Hydrol. Earth Syst. Sci., 19, 3969–3990, 2015
https://doi.org/10.5194/hess-19-3969-2015
© Author(s) 2015. This work is distributed under
the Creative Commons Attribution 3.0 License.

Research article 25 Sep 2015

Research article | 25 Sep 2015

Performance and robustness of probabilistic river forecasts computed with quantile regression based on multiple independent variables

F. Hoss and P. S. Fischbeck F. Hoss and P. S. Fischbeck
  • Carnegie Mellon University, Department of Engineering & Public Policy, 5000 Forbes Avenue, Pittsburgh, PA 15213, USA

Abstract.

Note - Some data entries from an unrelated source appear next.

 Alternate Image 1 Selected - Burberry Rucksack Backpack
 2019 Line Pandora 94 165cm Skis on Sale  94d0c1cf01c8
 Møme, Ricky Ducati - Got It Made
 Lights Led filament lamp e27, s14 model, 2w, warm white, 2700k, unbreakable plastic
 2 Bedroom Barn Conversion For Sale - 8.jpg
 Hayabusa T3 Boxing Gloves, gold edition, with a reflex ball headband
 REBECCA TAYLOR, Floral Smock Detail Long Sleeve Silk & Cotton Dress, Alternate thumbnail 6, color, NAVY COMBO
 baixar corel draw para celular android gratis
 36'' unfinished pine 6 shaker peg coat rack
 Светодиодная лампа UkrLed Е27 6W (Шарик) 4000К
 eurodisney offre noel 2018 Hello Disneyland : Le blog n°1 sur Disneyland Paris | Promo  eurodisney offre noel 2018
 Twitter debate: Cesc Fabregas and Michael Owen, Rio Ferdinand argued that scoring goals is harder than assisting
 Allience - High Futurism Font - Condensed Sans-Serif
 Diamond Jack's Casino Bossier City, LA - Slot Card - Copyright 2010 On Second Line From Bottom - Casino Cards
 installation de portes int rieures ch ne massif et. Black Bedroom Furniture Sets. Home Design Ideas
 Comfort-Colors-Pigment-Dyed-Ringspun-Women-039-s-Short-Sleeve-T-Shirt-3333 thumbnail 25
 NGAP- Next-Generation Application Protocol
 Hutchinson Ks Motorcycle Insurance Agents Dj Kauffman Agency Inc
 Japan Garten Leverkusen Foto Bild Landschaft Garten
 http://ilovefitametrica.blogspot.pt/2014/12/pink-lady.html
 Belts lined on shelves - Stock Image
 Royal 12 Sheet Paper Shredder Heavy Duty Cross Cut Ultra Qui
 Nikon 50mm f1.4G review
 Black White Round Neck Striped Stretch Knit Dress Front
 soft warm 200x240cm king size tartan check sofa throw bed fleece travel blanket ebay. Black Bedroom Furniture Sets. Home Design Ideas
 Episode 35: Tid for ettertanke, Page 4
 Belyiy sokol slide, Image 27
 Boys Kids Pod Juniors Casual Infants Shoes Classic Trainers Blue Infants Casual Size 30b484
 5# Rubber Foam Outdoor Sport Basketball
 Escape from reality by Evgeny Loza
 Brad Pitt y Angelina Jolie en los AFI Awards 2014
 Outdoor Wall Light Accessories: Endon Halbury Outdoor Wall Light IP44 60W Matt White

This study applies quantile regression (QR) to predict exceedance probabilities of various water levels, including flood stages, with combinations of deterministic forecasts, past forecast errors and rates of water level rise as independent variables. A computationally cheap technique to estimate forecast uncertainty is valuable, because many national flood forecasting services, such as the National Weather Service (NWS), only publish deterministic single-valued forecasts. The study uses data from the 82 river gauges, for which the NWS' North Central River Forecast Center issues forecasts daily. Archived forecasts for lead times of up to 6 days from 2001 to 2013 were analyzed. Besides the forecast itself, this study uses the rate of rise of the river stage in the last 24 and 48 h and the forecast error 24 and 48 h ago as predictors in QR configurations. When compared to just using the forecast as an independent variable, adding the latter four predictors significantly improved the forecasts, as measured by the Brier skill score and the continuous ranked probability score. Mainly, the resolution increases, as the forecast-only QR configuration already delivered high reliability. Combining the forecast with the other four predictors results in a much less favorable performance. Lastly, the forecast performance does not strongly depend on the size of the training data set but on the year, the river gauge, lead time and event threshold that are being forecast. We find that each event threshold requires a separate configuration or at least calibration.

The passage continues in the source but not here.